Clarify the presentation of actor isolation checking.
Add more examples for non-isolated declarations.
Added a section on isolated or "sync" actor types.

As always, comments welcome!

Doug

michelf · March 10, 2021, 12:13pm

From the Pitch #4 thread:

I agree isolated is confusing here. While direct isn't bad, I'd suggest sync:

func f(a: sync YourActor)

It's easy to explain: it removes the implied async of isolated members.

BigSur · March 10, 2021, 12:24pm

Ditto

anandabits · March 10, 2021, 2:07pm

Can you explain this part? I thought it had to be banned because a function can’t run in two concurrency contexts at the same time.

BigSur · March 10, 2021, 2:39pm

After re-reading the latest proposal, it'd be better to merge/simplify isolated/nonisolated notion. They are basically the same sync/@sync semantic from different(inside/outside) perspective/view for Actor.

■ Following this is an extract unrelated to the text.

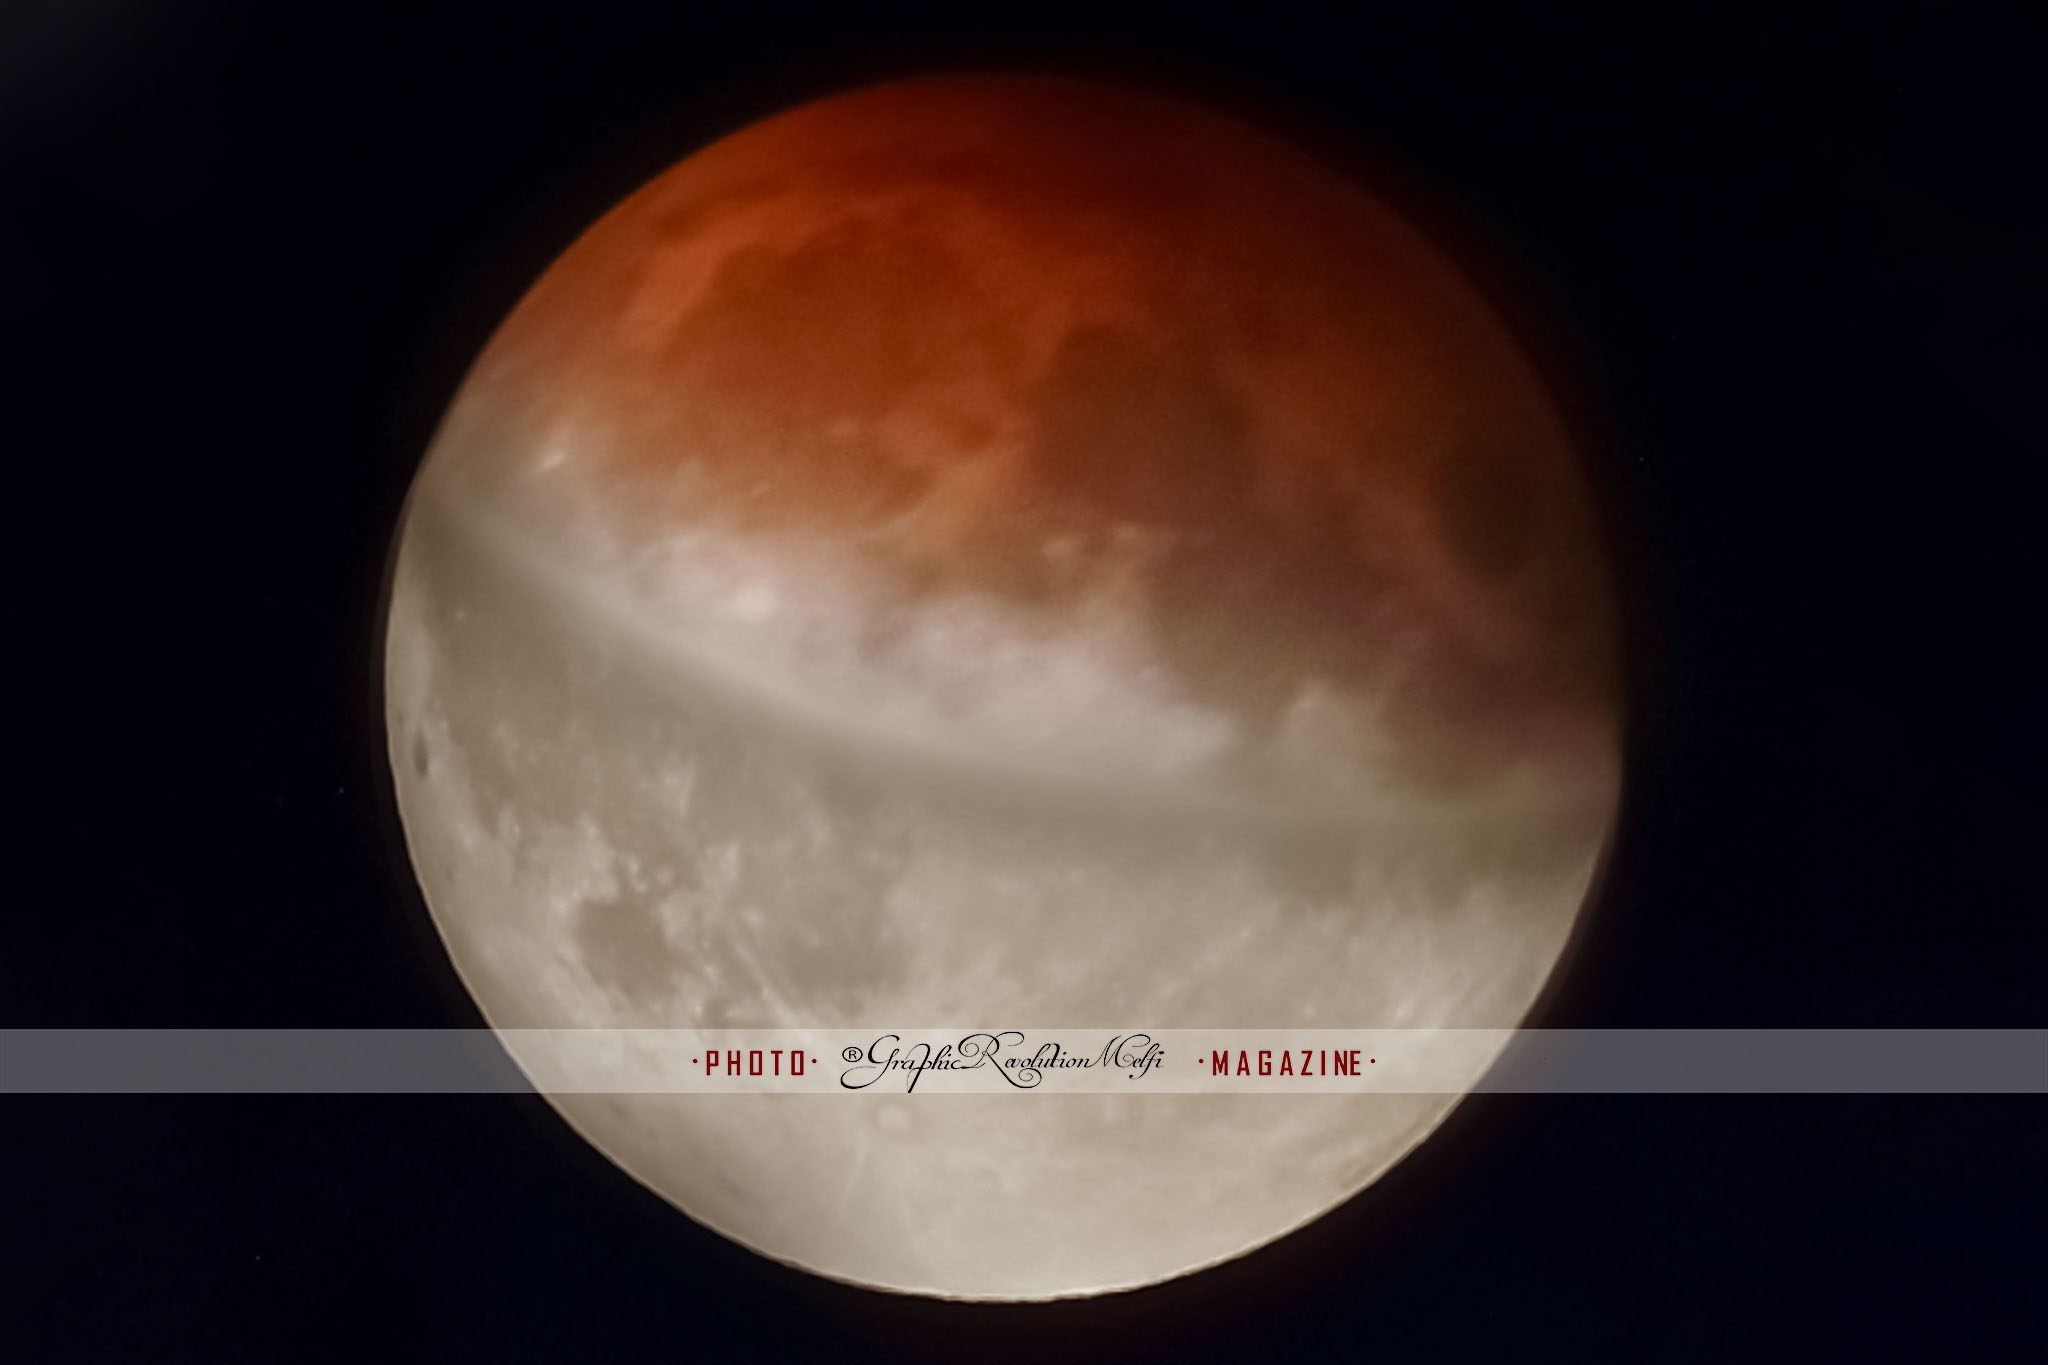 L'eclissi parziale di Luna le foto del 2019 da melfi

From outside of Actor, isolated Actor means switching to actor's executor to access stuff in sync way.
From inside of Actor, nonisolated Actor.member means conform to non-isolated protocol requirements in traditional sync way or access stuff in-sync from anywhere.

So all in all, outside isolated Actor == inside nonisolated Actor.member == sync / @sync in semantic; there's no need to use two different antonym words to express the same thing.

They are just plain sync semantic meaning.

bjhomer · March 10, 2021, 4:02pm

I'm somewhat concerned about the restriction that "a key path cannot involve a reference to an actor-isolated declaration." The rationale is that such a key path would permit accesses to the actor's protected state from outside of the actor isolation domain. However, this restriction also means that actors cannot use key paths at all, even internally.

It seems to me that an actor-isolated key path is only unsafe if used on an non-isolated actor instance. For example, is there anything unsafe about the following code?

actor Account {
  var accountID: String
  var balance: Int

  func access<T>(path: KeyPath<Account, T>) -> T {
    return self[keyPath: path]
  }
}

let balance = await account.access(\.balance)

For that matter, is there anything unsafe about this?

let balance = await account[keyPath: \.balance]

It seems to me that using a keypath (with thing[keyPath:]) requires actor isolation, but it's not clear to me from the proposal why simply forming such a key path should require isolation.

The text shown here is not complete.